November 2, 2015 in Higher education, Scholarship | Permalink | Comments (0)

Wednesday, July 8, 2015

OCR's Dismissal of Asian Americans' Claim of Discrimination Against Harvard Is Much Ado About Nothing

Yesterday, a number of major new outlets, from the Wall Street Journal and the AP to the Bloomberg and US News & World Report, published stories on the fact that the Office for Civil Rights dismissed the complaint that Asian Americans recently filed against Harvard.  The complaint alleged that Harvard systematically discriminates against them in the admissions process.  The substance of the complaint and the prestige of the university against which it was filed are both significant.  See my prior post on the complaint.  That OCR dismissed the complaint, however, is not.  

After filing the complaint, the plaintiffs had also filed a lawsuit in federal court.  The federal court's jurisdiction exceeds and can preempt that of OCR's.  Thus, even if OCR had left the complaint open, the final word would have belonged to the federal court.  That OCR, which has a rapidly growing case load, would choose to avoid devoting resources to this complex case makes perfect sense.  This not a substantive judgement on the merits of the complaint, as some headlines would leave readers to believe, but just good stewardship of federal dollars.  Moreover, if there are issues the federal court does not address, the plaintiffs will be free to revive their complaint with OCR.

July 8, 2015 in Discrimination, Higher education, Racial Integration and Diversity | Permalink | Comments (0)

Tuesday, June 16, 2015

What Happened to the "Public" University?

Yesterday's Los Angles Times offered a pretty bleak picture of the state of public higher education.
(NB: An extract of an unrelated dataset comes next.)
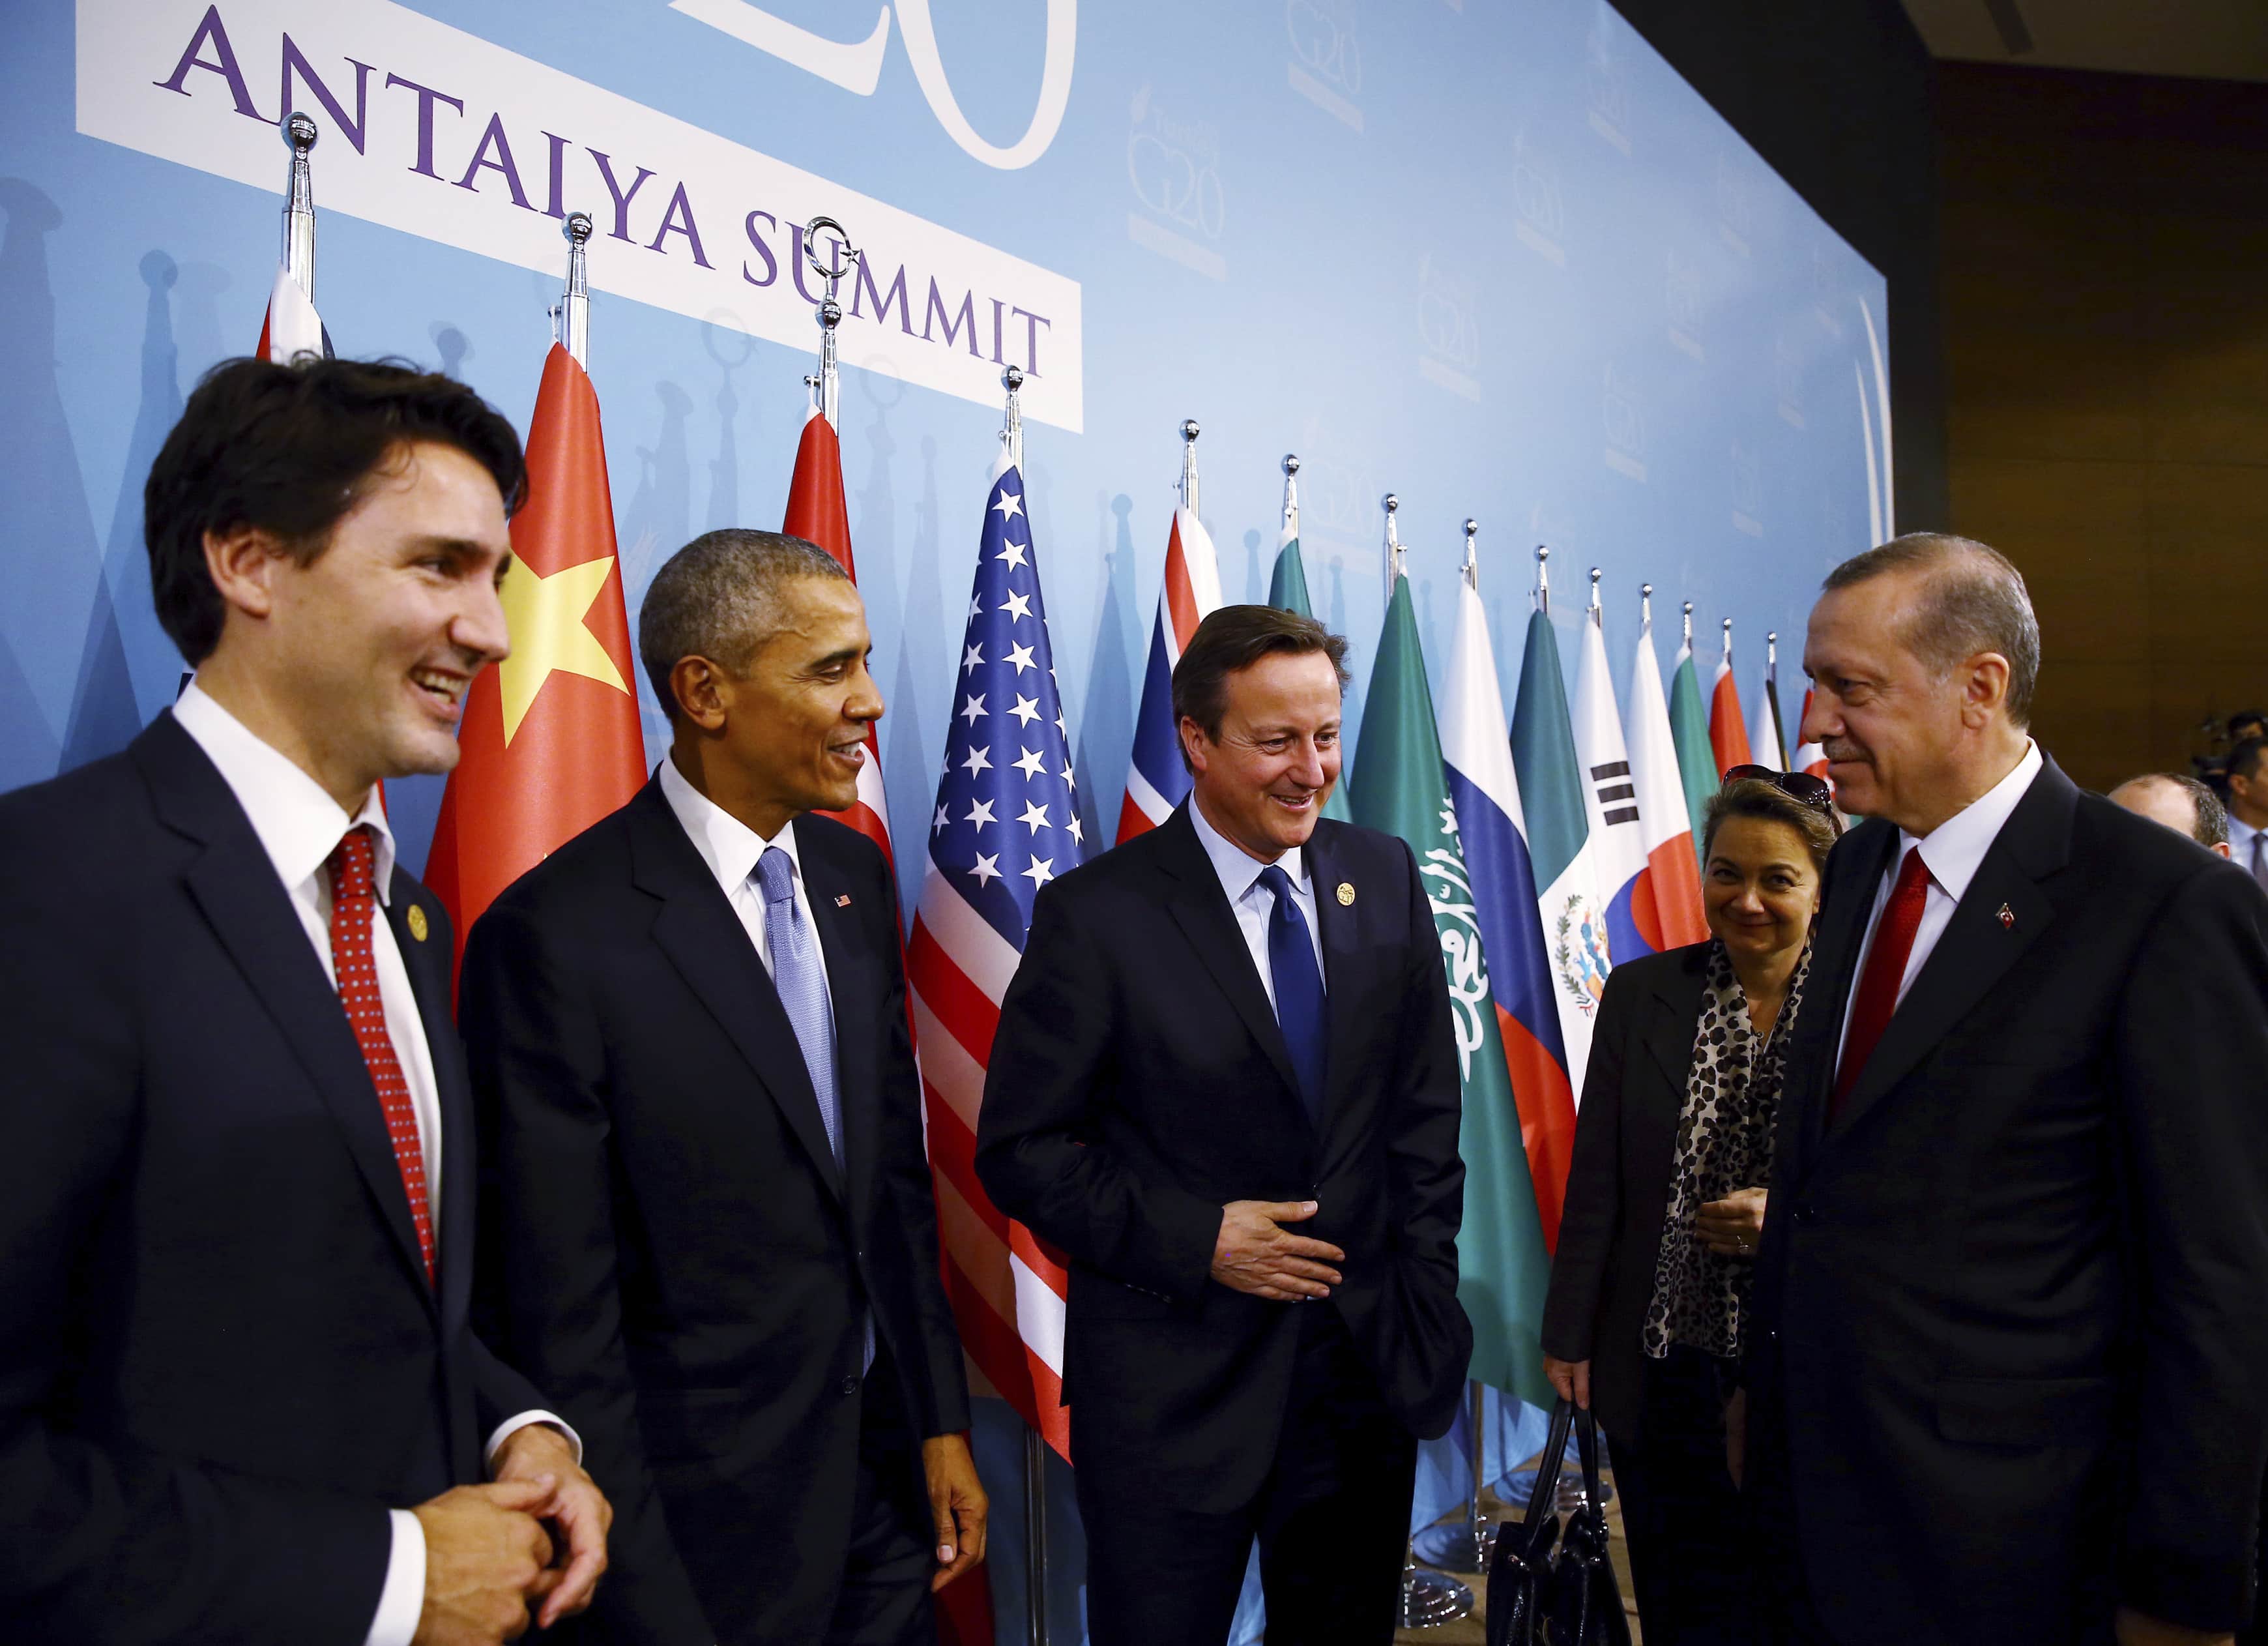 Turkish President Recep Tayyip Erdogan talks with Canada's Prime Minister Justin Trudeau, U.S. President Barack Obama and British Prime Minister David Cameron at the G20 summit in Antalya, November 15, 2015, Andalou Agency / AP

The overall trend is a sharp increase in tuition since 2008 and a decrease in public funding for universities.  In nine states, tuition has increased by more than 50%.  The increase in Arizona is a whopping 83.6%.  Only ten states managed to keep tuition growth below 15%, which would have amounted to an arguably reasonable set of annual increases (just over 2% a year during a time of non-existent inflation).  The California Budget Project goes back further in time a traces the spending on prisons versus universities, finding that in 1980-81 California corrections accounted for 2.9% of the state budget and the state's university systems 9.6%. By 2014-2015, the proportions were reversed -- corrections were 9% of the state budget and the universities down to 5.1%. 
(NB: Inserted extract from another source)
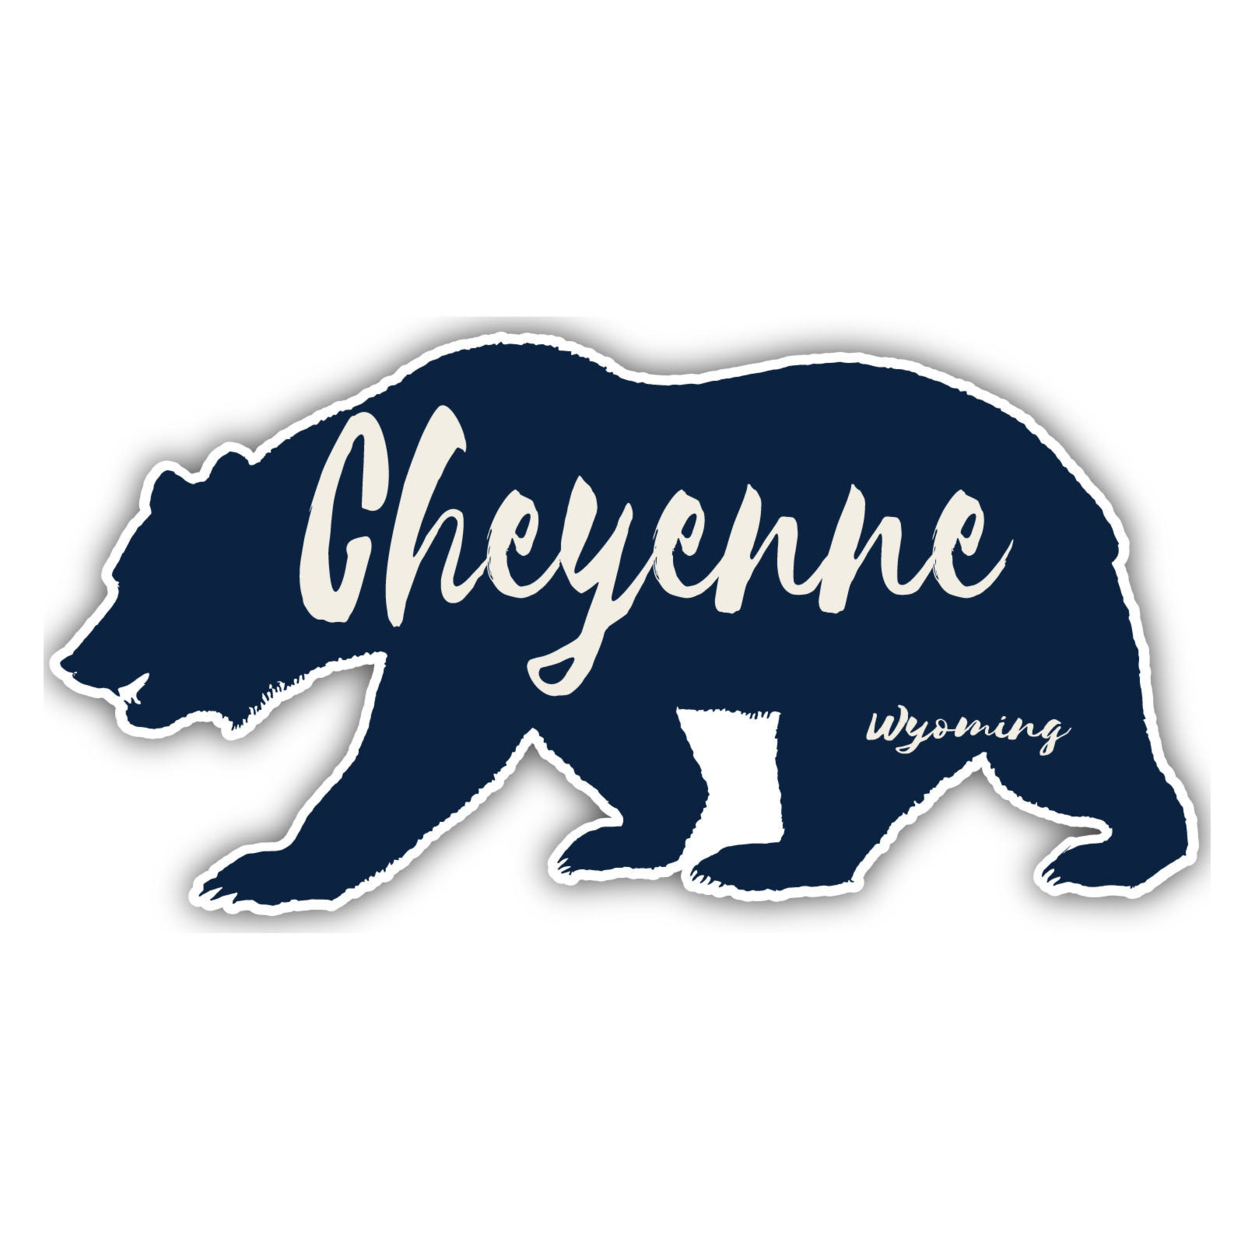 Cheyenne Wyoming Souvenir Decorative Stickers (Choose Theme And Size) - Single Unit, 6-Inch, Tent

The LA Times article does a good job of explaining the politics that is producing this result. But regardless of why it is happening, this declining state support and sharp increase in the cost of attendance also begs the question of how many of our state universities can be fairly characterized as "public" and how long they will continue to be?

June 16, 2015 in Higher education | Permalink | Comments (0)

Monday, June 8, 2015

Aaron Taylor's Response to "Why I Defaulted on My Loans"
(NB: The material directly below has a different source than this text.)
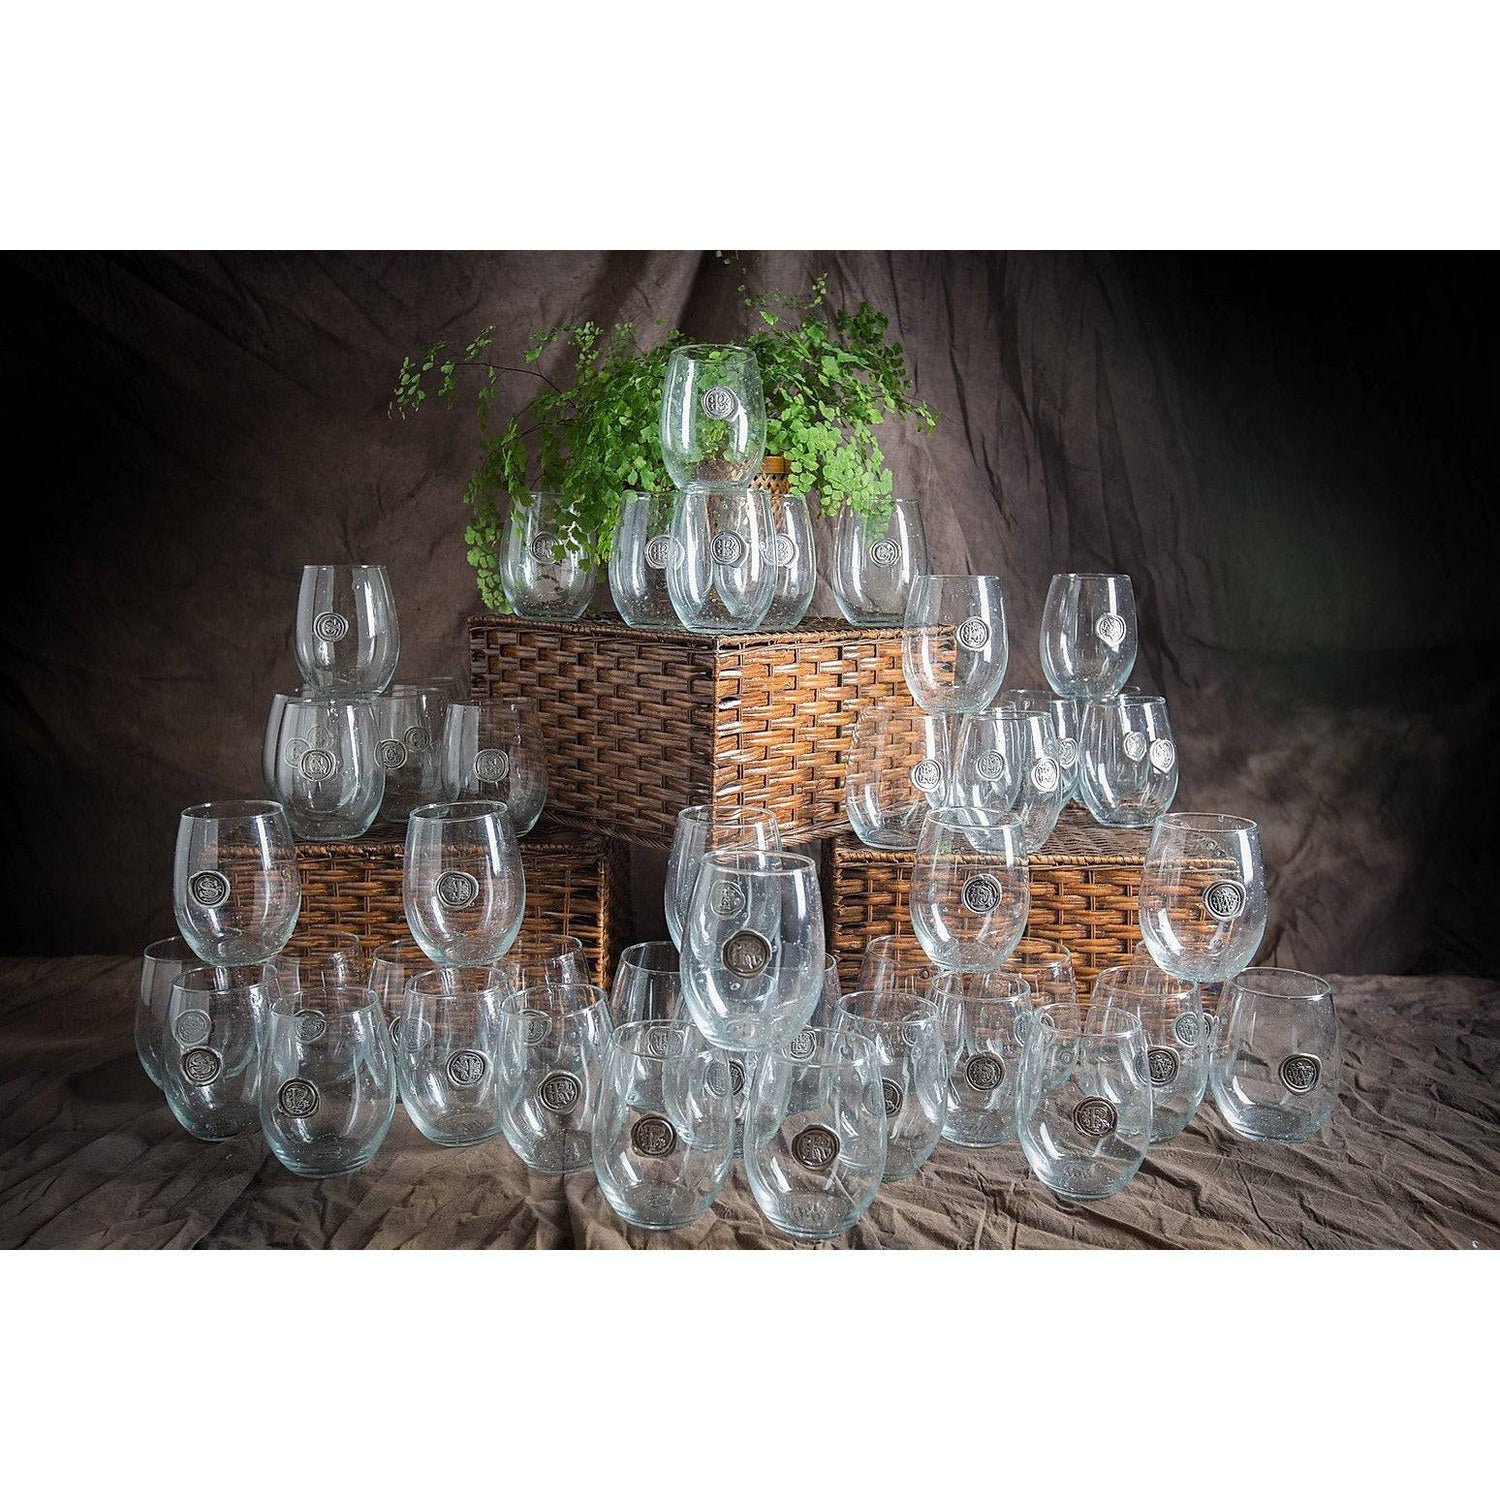 INITIAL STEMLESS WINE GLASS - Findlay Rowe Designs

This weekend the New York published an opinion piece by Lee Siegel in which he says he was confronted with the choice of  "giv[ing] up what had become my vocation (in my case, being a writer) and [taking] a job that I didn't want in order to repay the huge debt I had accumulated in college and graduate school.  Or I could take what I had been led to believe was both the morally and legally reprehensible step of defaulting on my loans, which was the only way I could survive without wasting my life in a job that had nothing to do with my particular usefulness to society."  He "chose life" and defaulted on his loans.  He, of course, then goes on to further support his choice.

Aaron Taylor offers this response:

I recently authored a post lamenting the effects of misinformation on the decision making and outlook of student loan debtors.  My premise was that most of the commentary on student loans betokens a fundamental misunderstanding of the student loan system, particularly, the scope and extent of income-based repayment options.  This misinformation is especially dangerous because much of it is peddled by individuals who position themselves as experts and publications that are viewed as trustworthy.